Mexclatitlán, 1 de junio de 1915
—¿Hay alguna manera de acceder a Aztlán desde esta ciudad? —preguntó el general Buendía dirigiendo su gélida mirada al profesor Gamio.
—He leído el códice y habla de una cascada y un volcán.
—¿Un volcán?
—Al parecer, la isla debe estar dentro del cráter de un gigantesco volcán —contestó el profesor.
Alicia, Alma y el profesor esperaron la reacción airada del general, pero éste se mostró tranquilo y cordial, como si la cercanía de su objetivo lo tranquilizara.
—Mañana por la mañana iremos con un guía hacia Aztlán y entonces nadie podrá detenernos —dijo el general con una especie de mueca que simulaba una sonrisa—. Por su seguridad dormirán los tres en la misma habitación, espero que sepan soportar esta última incomodidad.
Alma sintió como un escalofrío recorría su espalda cuando el general pronunció muy lentamente la palabra «última». No sabían cuál era su destino final, pero podían imaginárselo.
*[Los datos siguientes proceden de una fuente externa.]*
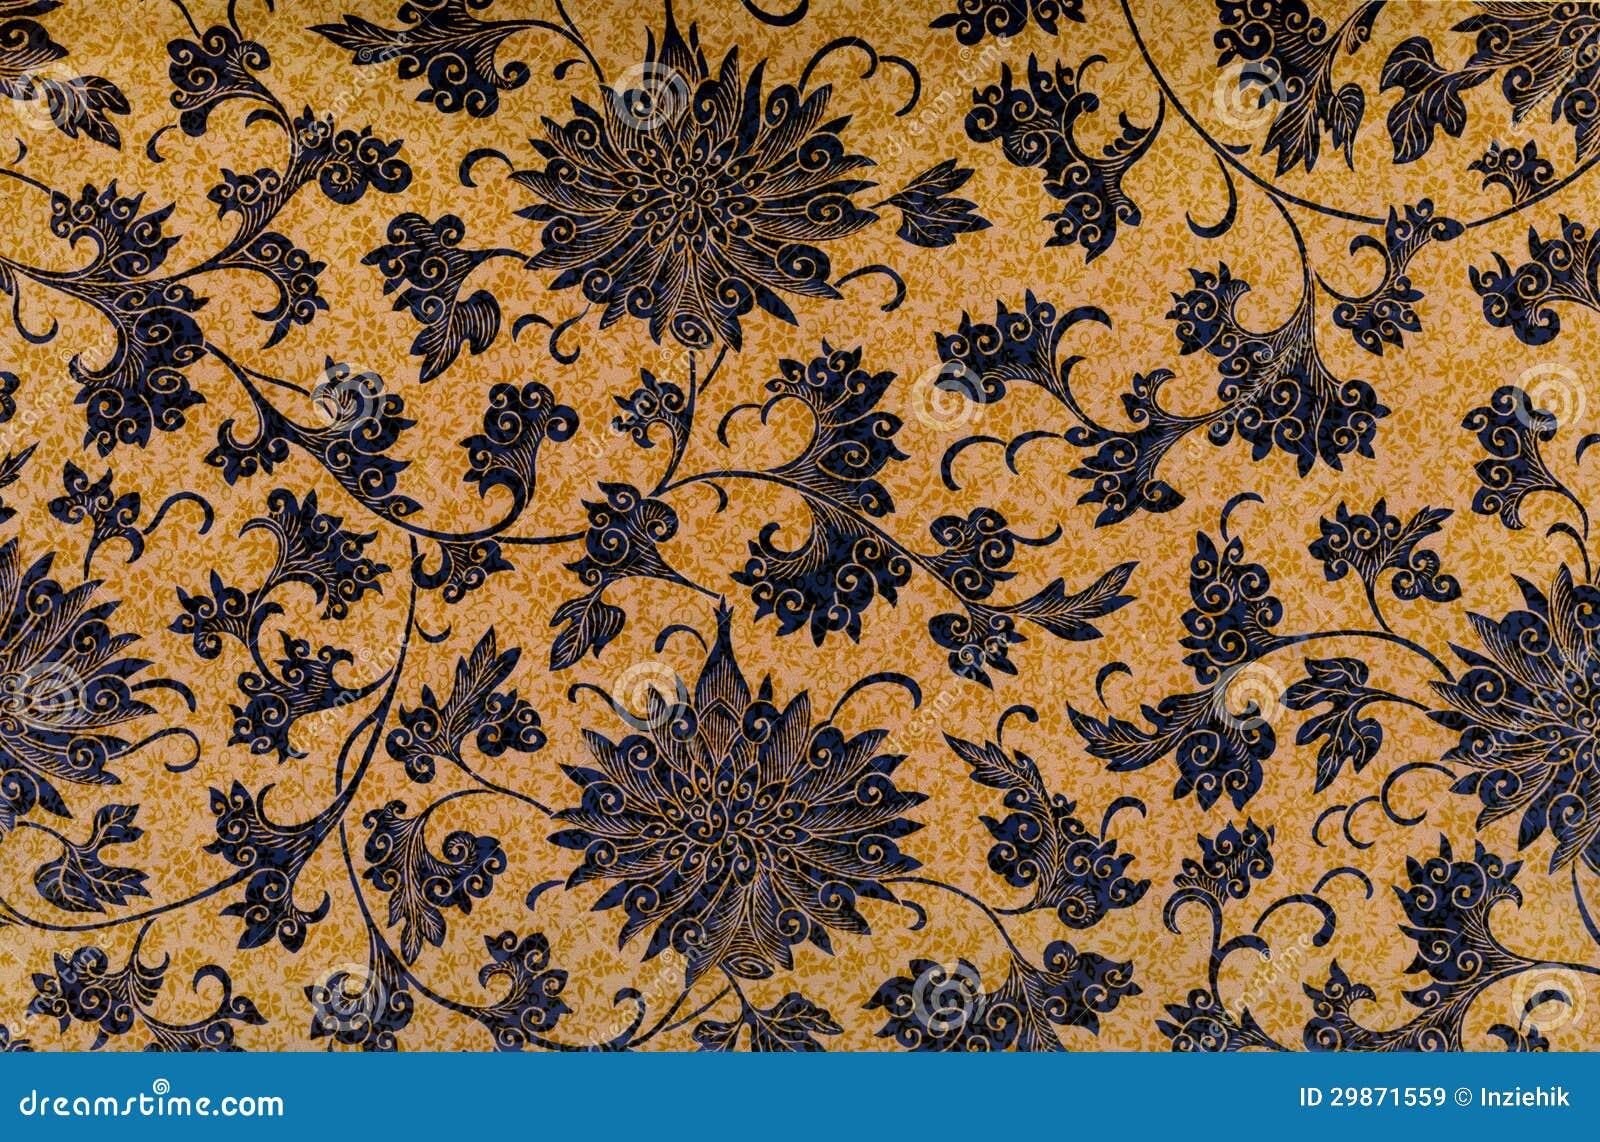 Batik design royalty free stock photos image 29546988 - Royalty Free Stock Photo

Cuando el general abandonó la habitación, Alicia abrió la ventana, pero al otro lado había una reja de hierro que hacía imposible la huida.
—No podemos escapar —dijo Alicia, desesperada.
—Mañana en la laguna tendremos nuestra oportunidad —dijo Alma.
—¿En la laguna? No sabemos el tamaño que puede tener, podríamos perdernos y morir en el fango —contestó Alicia.
—Señoras, hay que esperar lo inesperado. La vida se compone de situaciones límite que logramos superar —dijo el profesor Gamio. Aún no había terminado de hablar cuando la puerta se abrió lentamente.
La cara de Hércules apareció entre las sombras del pasillo.
—¿Hércules? ¿Cómo has entrado? —preguntó Alicia.
El español hizo un gesto para que se callaran.
—No hagan ruido, me he deshecho de uno de los guardias, pero será mejor que no alertemos al resto.
Los cuatro salieron de la habitación con sigilo, pero apenas estaban cruzando el patio cuando unos gritos los delataron.
—¡Corran! —gritó Hércules mientras disparaba a su espalda.
Los tres corrieron mientras el español mantenía a raya a los soldados, pero apenas hubieron atravesado el patio, el profesor se tropezó torciéndose el tobillo.
—¿Está bien? —preguntó Hércules inclinándose.
—Váyase, no puedo caminar —dijo el profesor, sujetando su tobillo dolorido.
Hércules titubeó por unos instantes, pero cuando los soldados comenzaron a acercarse corrió hacia las mujeres. Después atravesaron un callejón y llegaron a un pequeño embarcadero, donde les esperaba una canoa. Subieron y el barquero comenzó a alejarse de la isla.
—¿Dónde está Alicia? —preguntó Hércules al echarla de menos en la barca.
—Corría detrás mío, pero en algún momento la perdí de vista —dijo Alma, inquieta.
Los soldados llegaron justo en el momento en el que la embarcación desaparecía en medio de las sombras.